Pelosi says Obama has the votes to pass health reform

WASHINGTON (AFP) – President Barack Obama has the votes in the House of Representatives to force his flagship reform of US healthcare through without Republican support, House speaker Nancy Pelosi said Sunday.
Pelosi, in an interview with ABC television’s “This Week” program, said Democrats would succeed in passing a bill despite concerted Republican efforts to derail Obama’s top domestic priority ahead of crucial mid-term elections.
“We’re here to do the job for the American people — to get them results that gives them not only health security, but economic security, because the health issue is an economic issue for America’s families,” she said.

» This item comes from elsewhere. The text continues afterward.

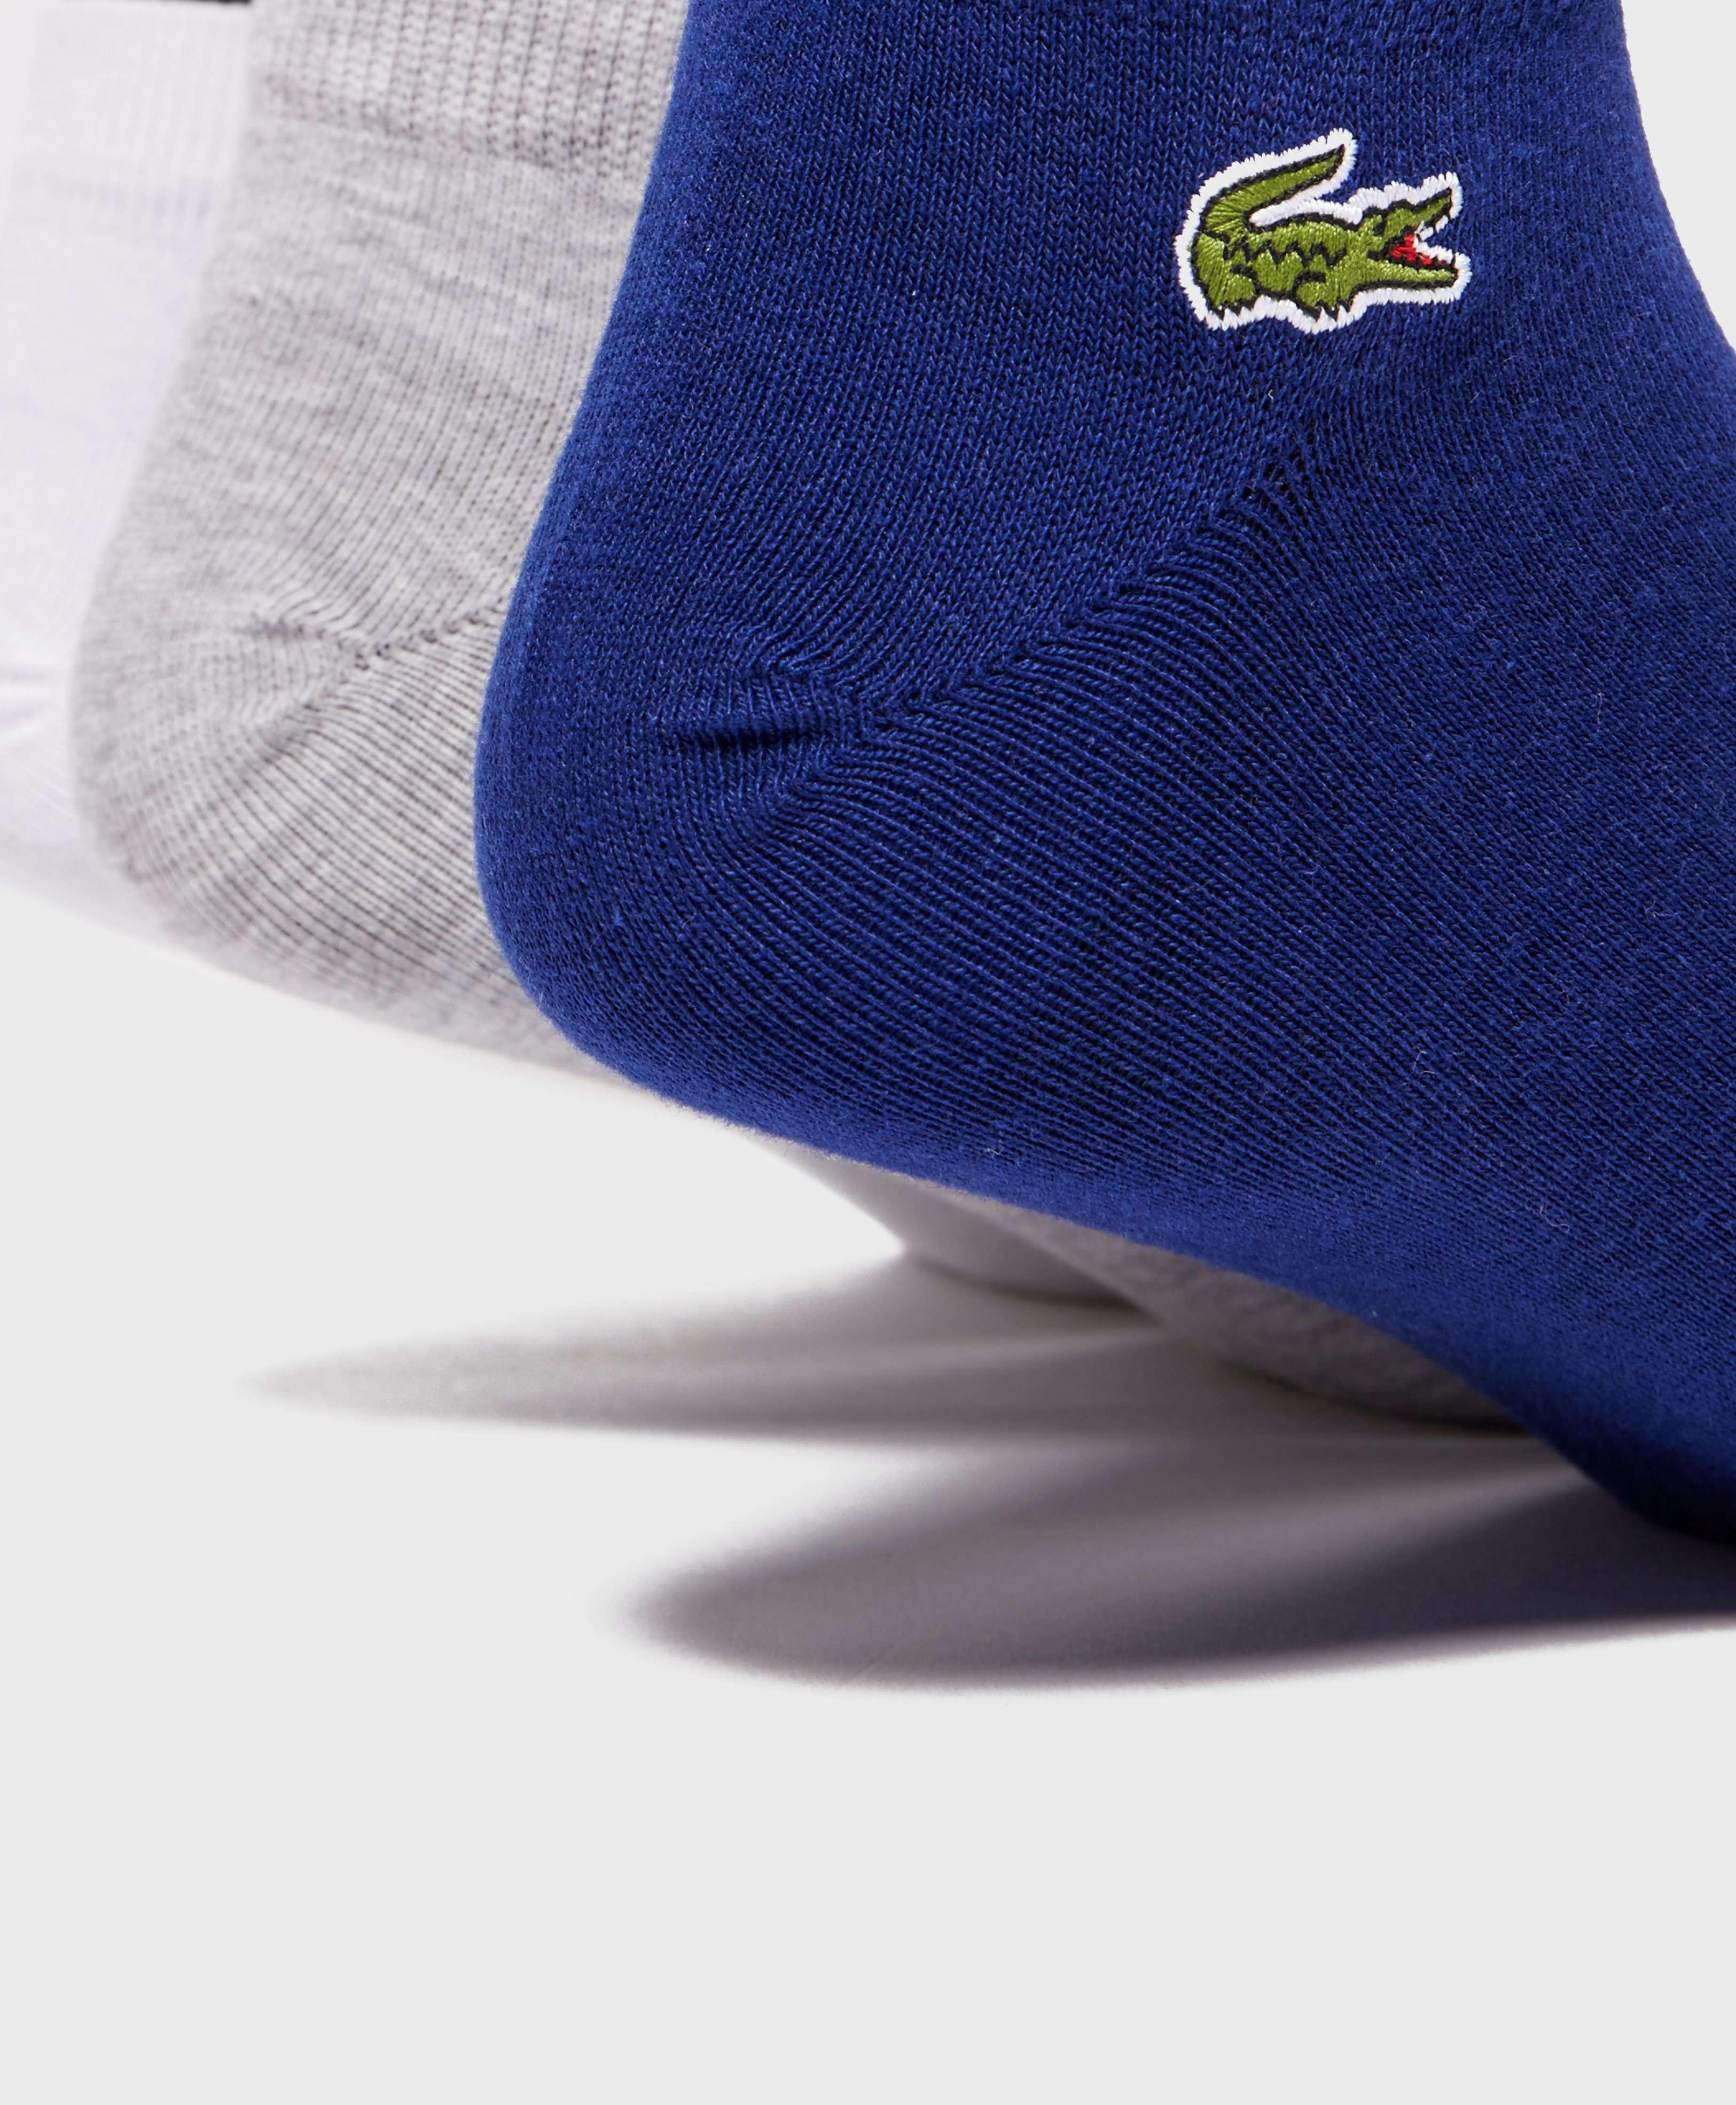 Lacoste 3-Pack Trainer Socks

After months of wrangling, the House and the Senate adopted different versions of a reform bill late last year but they must be combined into a single piece of legislation for Obama to sign into law.
Obama is widely expected to announce in the coming days that he is prepared to use a process known as reconciliation to force a bill through Congress against Republican objections.
This process would require the House to pass the Senate bill and also the Senate to pass a second bill making amendments to their version of the legislation to reconcile outstanding differences between Democrats.
Pelosi, the most senior Democrat in the House, answered “yes” when asked by ABC whether she had the votes to pass the Senate bill.
“Time is up. We really have to go forth,” Pelosi said, adding that the country could not wait any longer for a bill that would also bring a host of economic benefits to American families.
Obama made one final effort to break the deadlock on Thursday with a televised summit at the White House with Democratic and Republican leaders.
But the high-stakes, day-long meeting yielded no breakthrough with Republicans insisting the reforms go back to the drawing-board and Democrats painting the opposition as simply obstructionist.
On Saturday Obama used his weekly address to again call for bipartisan support for attempts to overhaul the system and provide coverage to some 31 million uninsured Americans.
“It is time for us to act. It is time for those of us in Washington to live up to our responsibilities to the American people and to future generations,” he said.
White House spokesman Robert Gibbs said the president would make an announcement early this coming week laying out “where he sees the path moving forward.”
The House and Senate have failed to agree a single piece of legislation for Obama to sign into law.
Republicans derailed the process last month by capturing a crucial Massachusetts Senate seat that gave them the power to thwart final votes using a legislative tactic called a filibuster.
With crucial mid-term elections lying ahead in November, Obama knows he can’t wait much longer before either forcing through his present reform package or having a major rethink.